Depuis les années 1930, les amish ne sont plus présents qu’aux États-Unis et au Canada, la dernière congrégation amish en Europe – en Allemagne – ayant été dissoute en 19373. Ils continuent aujourd’hui à observer les croyances chrétiennes fondamentales, à chercher à mettre en œuvre au quotidien l’enseignement de Jésus et à ne baptiser que les jeunes adultes entre dix-huit et vingt-quatre ans. Seuls les enfants issus de couples amish deviennent membres de l’Église, ce que font près de 85 % des jeunes qui se font baptiser et qui s’engagent ainsi à observer les règles de l’Église.

La vie quotidienne des amish est ancrée dans une sorte de paroisse ou congrégation nommée church district. Chaque district, qui a des frontières matérielles comme des routes, des ruisseaux ou des clôtures, est composé de vingt à quarante familles. Les amish appellent « Anglais » leurs voisins parce qu’ils parlent anglais, contrairement à eux qui parlent l’allemand de Pennsylvanie (Pennsylvania German ou Pennsylvania Dutch), un dialecte d’origine alsacienne. Les membres du district se retrouvent tous les dimanches matin pour trois heures de culte qui se tiennent, à tour de rôle, dans la maison ou la grange d’un des membres.

Aujourd’hui, les pratiques sociales singulières des amish incluent le pacifisme, une valorisation de l’humilité et de la vie communautaire mais aussi l’interdiction de poursuivre les études au-delà du eighth grade (quatrième) – la cour fédérale interdisant au-delà de quatorze ans les écoles « Amish » –, le bannissement des véhicules à moteur et de l’électricité des réseaux publics, l’interdiction de la télévision, des téléphones et des ordinateurs – même si nombre de jeunes amish utilisent smartphones et les réseaux sociaux avant leur baptême – et enfin, l’obligation de porter le costume traditionnel.

Fashion district

Cette série d’interdictions tout comme les vêtements dessinent de solides frontières entre la vie des amish et la culture américaine mainstream.

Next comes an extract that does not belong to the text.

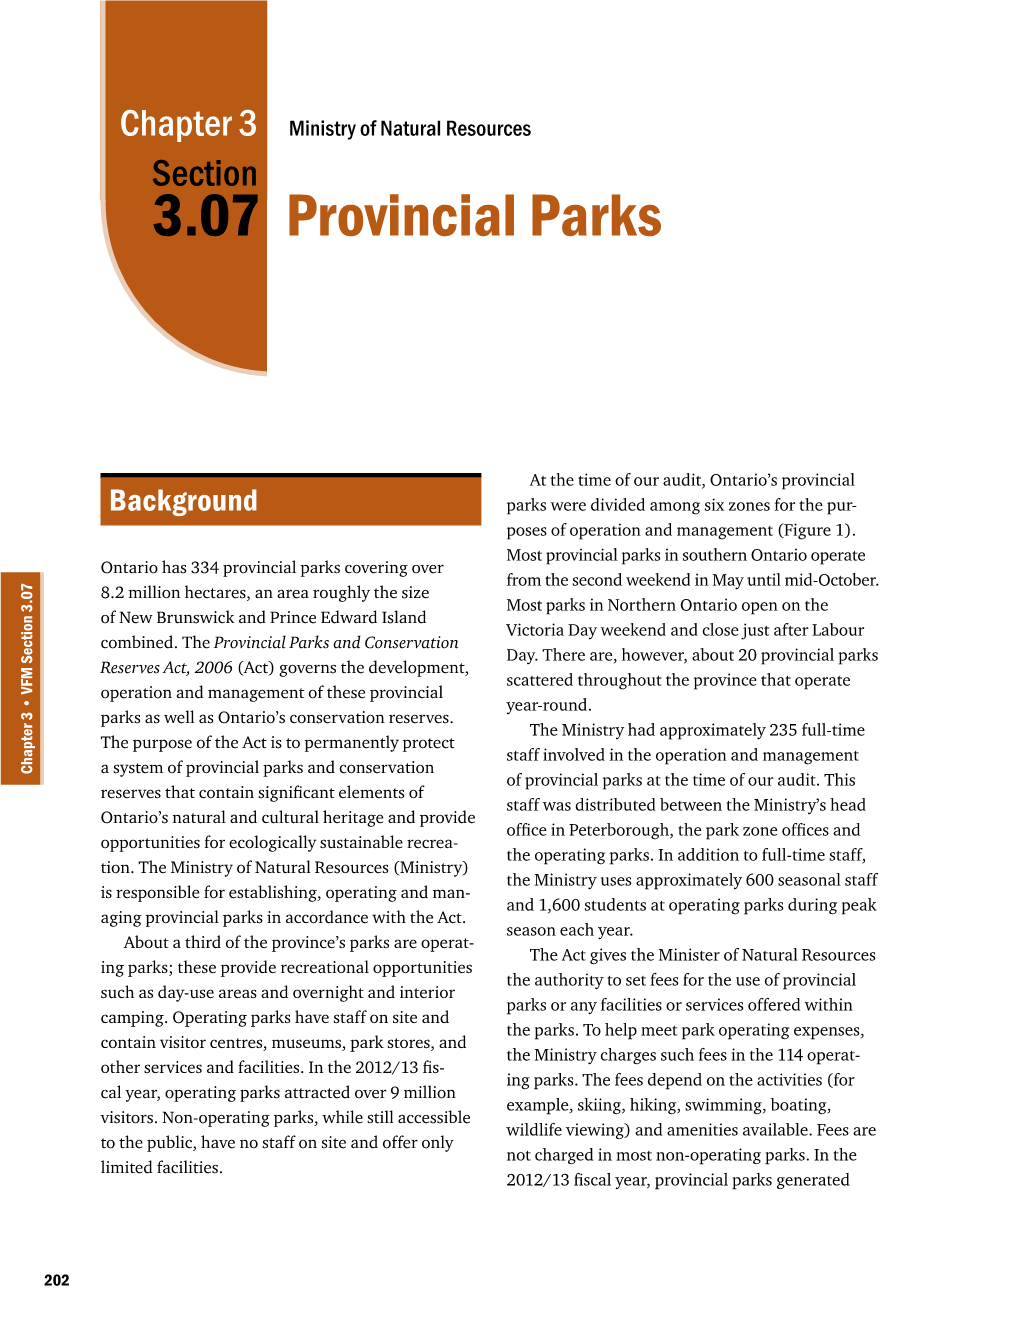 3.07: Provincial Parks

Cette césure est au fondement de la vie religieuse des amish qui sont attachés à une séparation visible du reste de la société sécularisée qui les entoure. Ainsi, l’Église Amish s’oppose-t-elle fermement à ce que ses membres suivent la mode : acheter des vêtements à la mode peut conduire à l’excommunication. Quantité de croyances amish liées au quotidien ont ainsi des implications sociales : les vêtements amish distinguent mais donnent aussi un sentiment d’appartenance très fort à un groupe.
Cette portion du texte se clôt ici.